* Recorded data
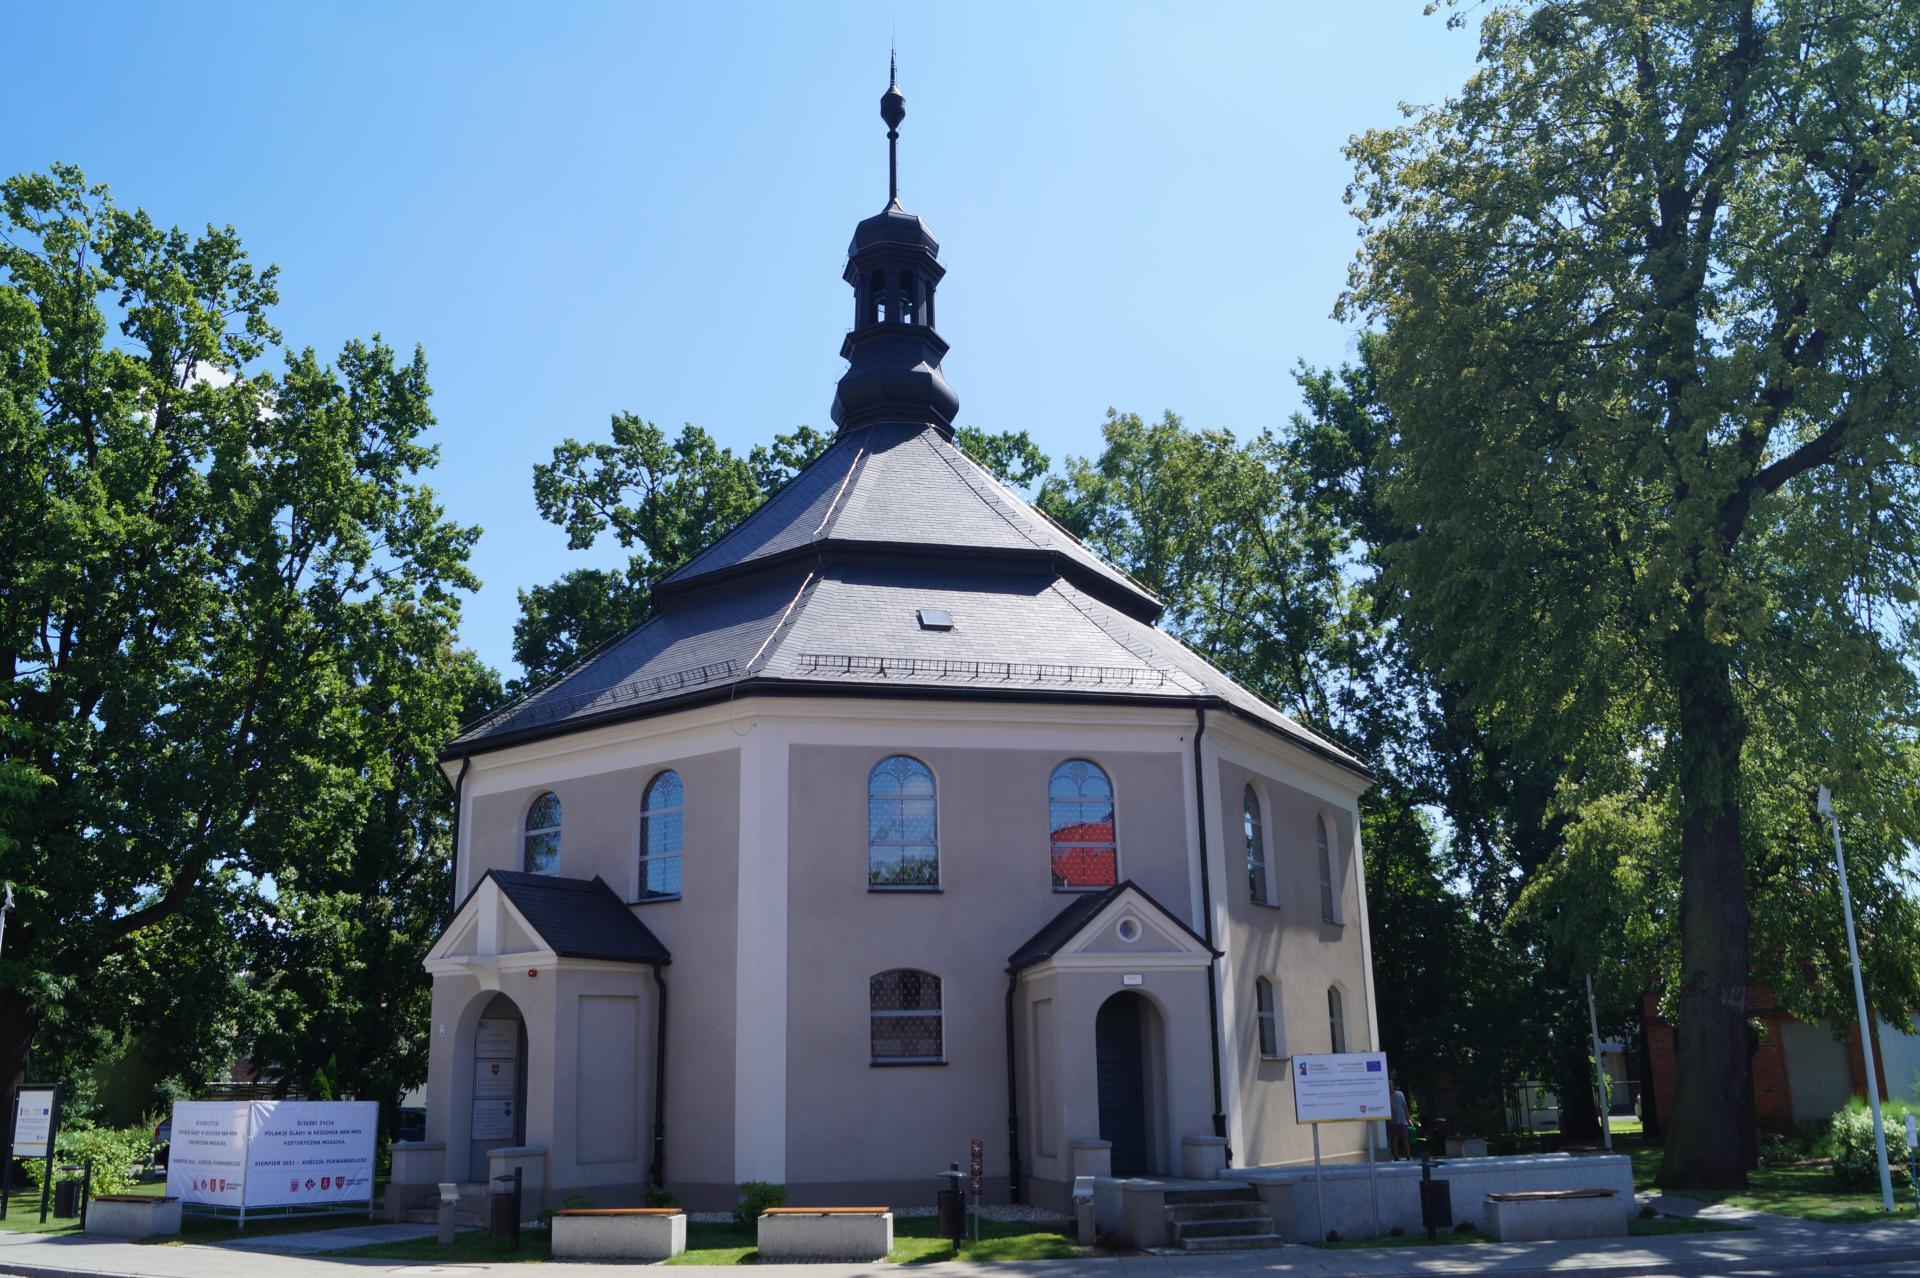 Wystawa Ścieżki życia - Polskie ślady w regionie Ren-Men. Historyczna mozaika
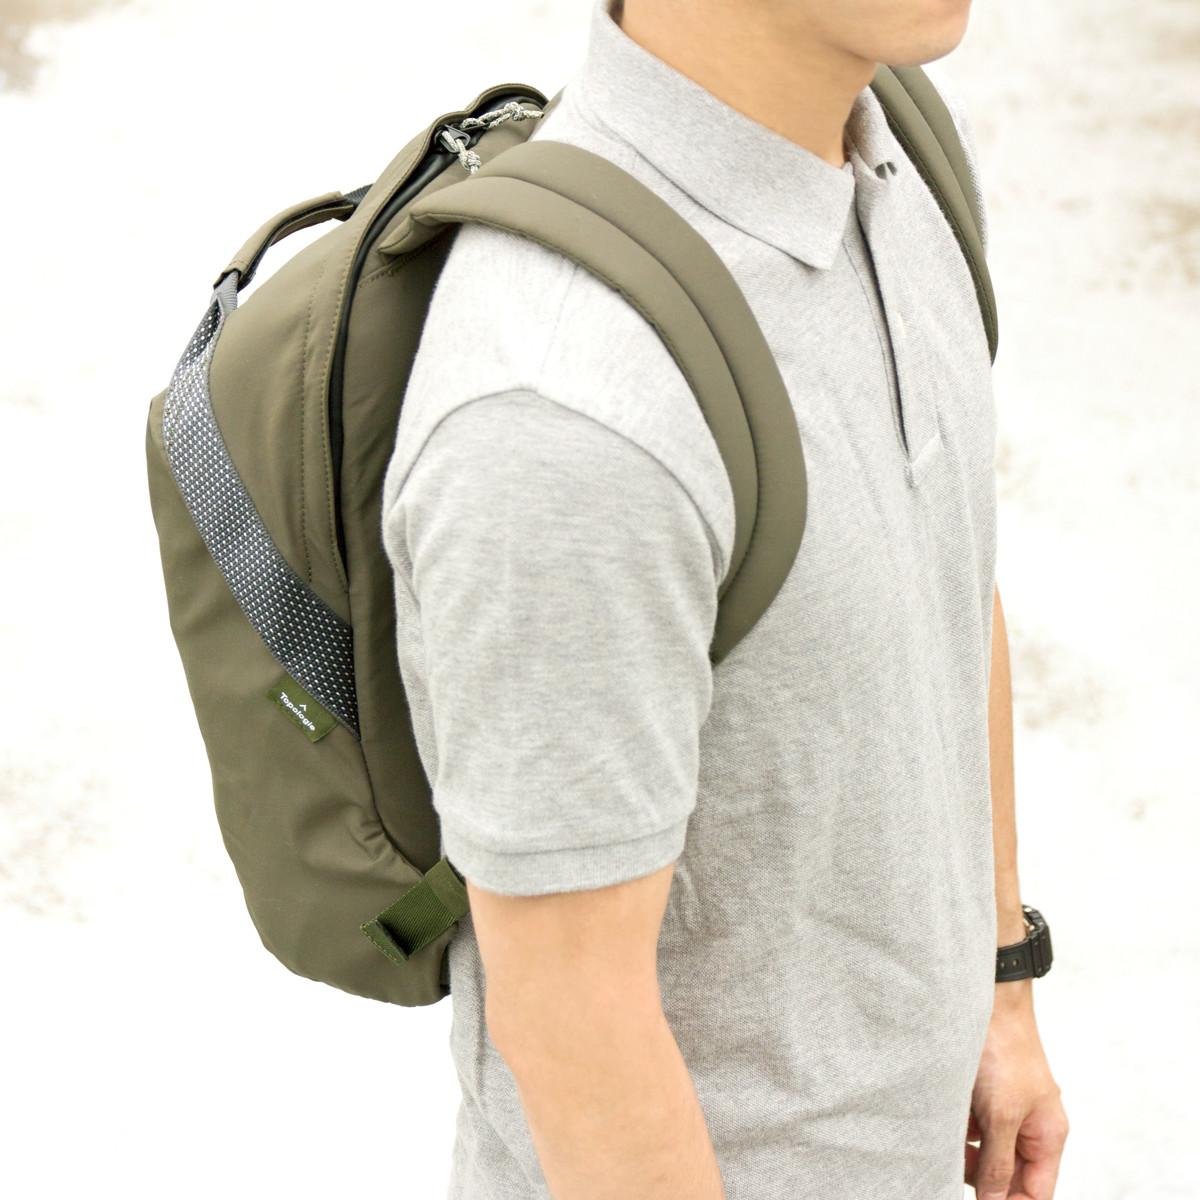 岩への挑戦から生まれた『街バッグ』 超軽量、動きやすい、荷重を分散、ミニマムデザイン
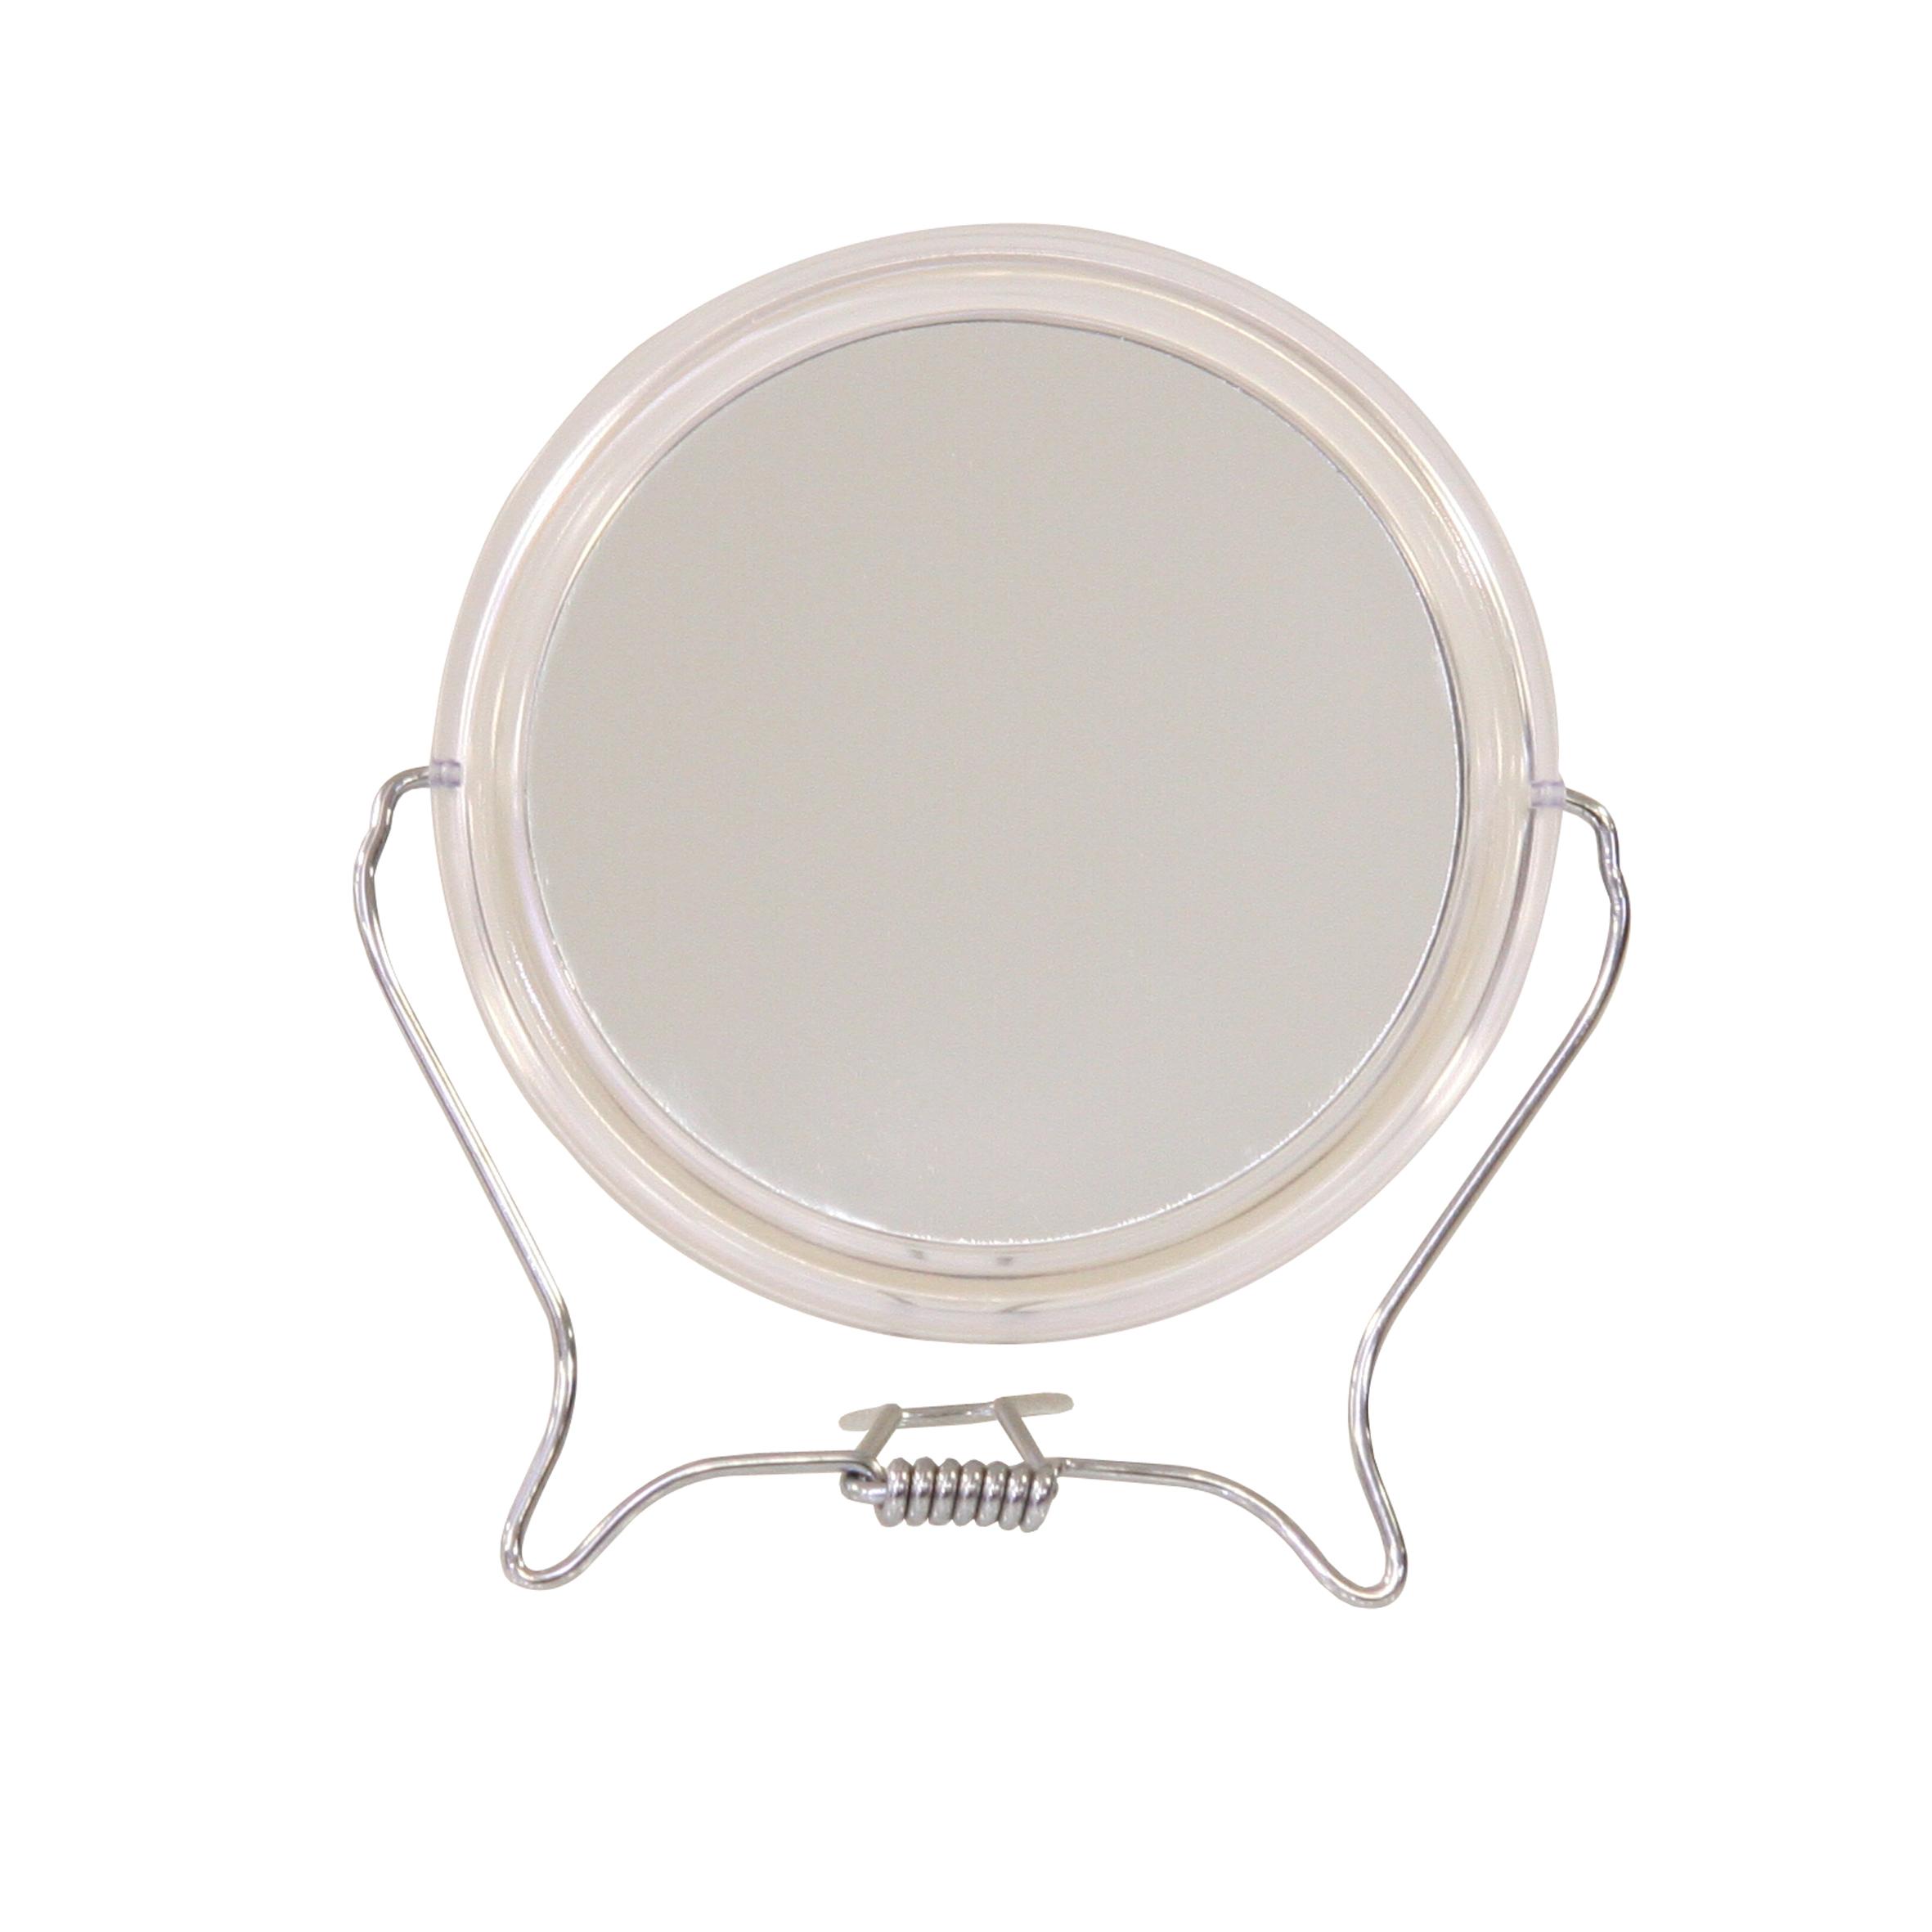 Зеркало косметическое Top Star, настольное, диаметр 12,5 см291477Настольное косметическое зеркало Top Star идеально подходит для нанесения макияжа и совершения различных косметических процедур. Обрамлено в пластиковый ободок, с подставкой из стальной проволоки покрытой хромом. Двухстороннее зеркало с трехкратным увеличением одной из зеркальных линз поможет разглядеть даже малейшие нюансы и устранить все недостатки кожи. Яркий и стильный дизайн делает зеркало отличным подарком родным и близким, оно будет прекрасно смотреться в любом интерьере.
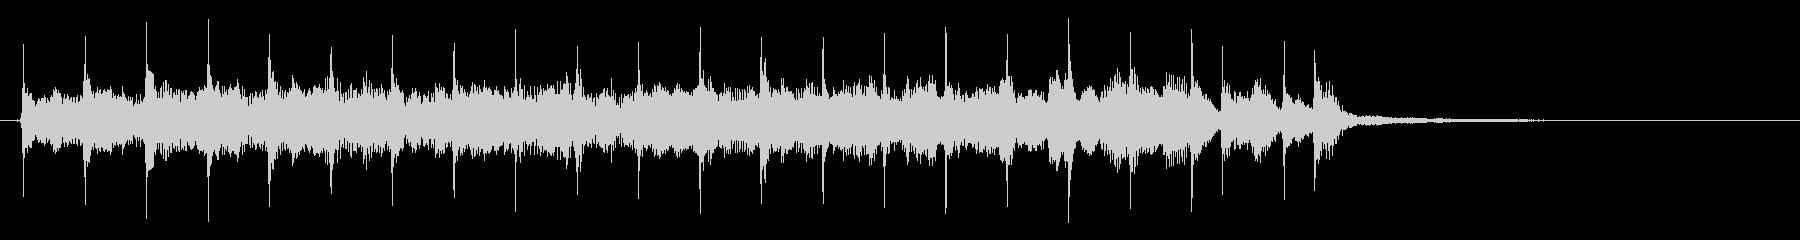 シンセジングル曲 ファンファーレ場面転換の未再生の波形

* What you need to do
Return the lines from the one that contains "岩への挑戦から生まれた『街バ" through the final line of the listing above, inclusive. Transcribe them exactly and drop the pictures.

* Answer to the exercise
 岩への挑戦から生まれた『街バッグ』 超軽量、動きやすい、荷重を分散、ミニマムデザイン
 Зеркало косметическое Top Star, настольное, диаметр 12,5 см291477Настольное косметическое зеркало Top Star идеально подходит для нанесения макияжа и совершения различных косметических процедур. Обрамлено в пластиковый ободок, с подставкой из стальной проволоки покрытой хромом. Двухстороннее зеркало с трехкратным увеличением одной из зеркальных линз поможет разглядеть даже малейшие нюансы и устранить все недостатки кожи. Яркий и стильный дизайн делает зеркало отличным подарком родным и близким, оно будет прекрасно смотреться в любом интерьере.
 シンセジングル曲 ファンファーレ場面転換の未再生の波形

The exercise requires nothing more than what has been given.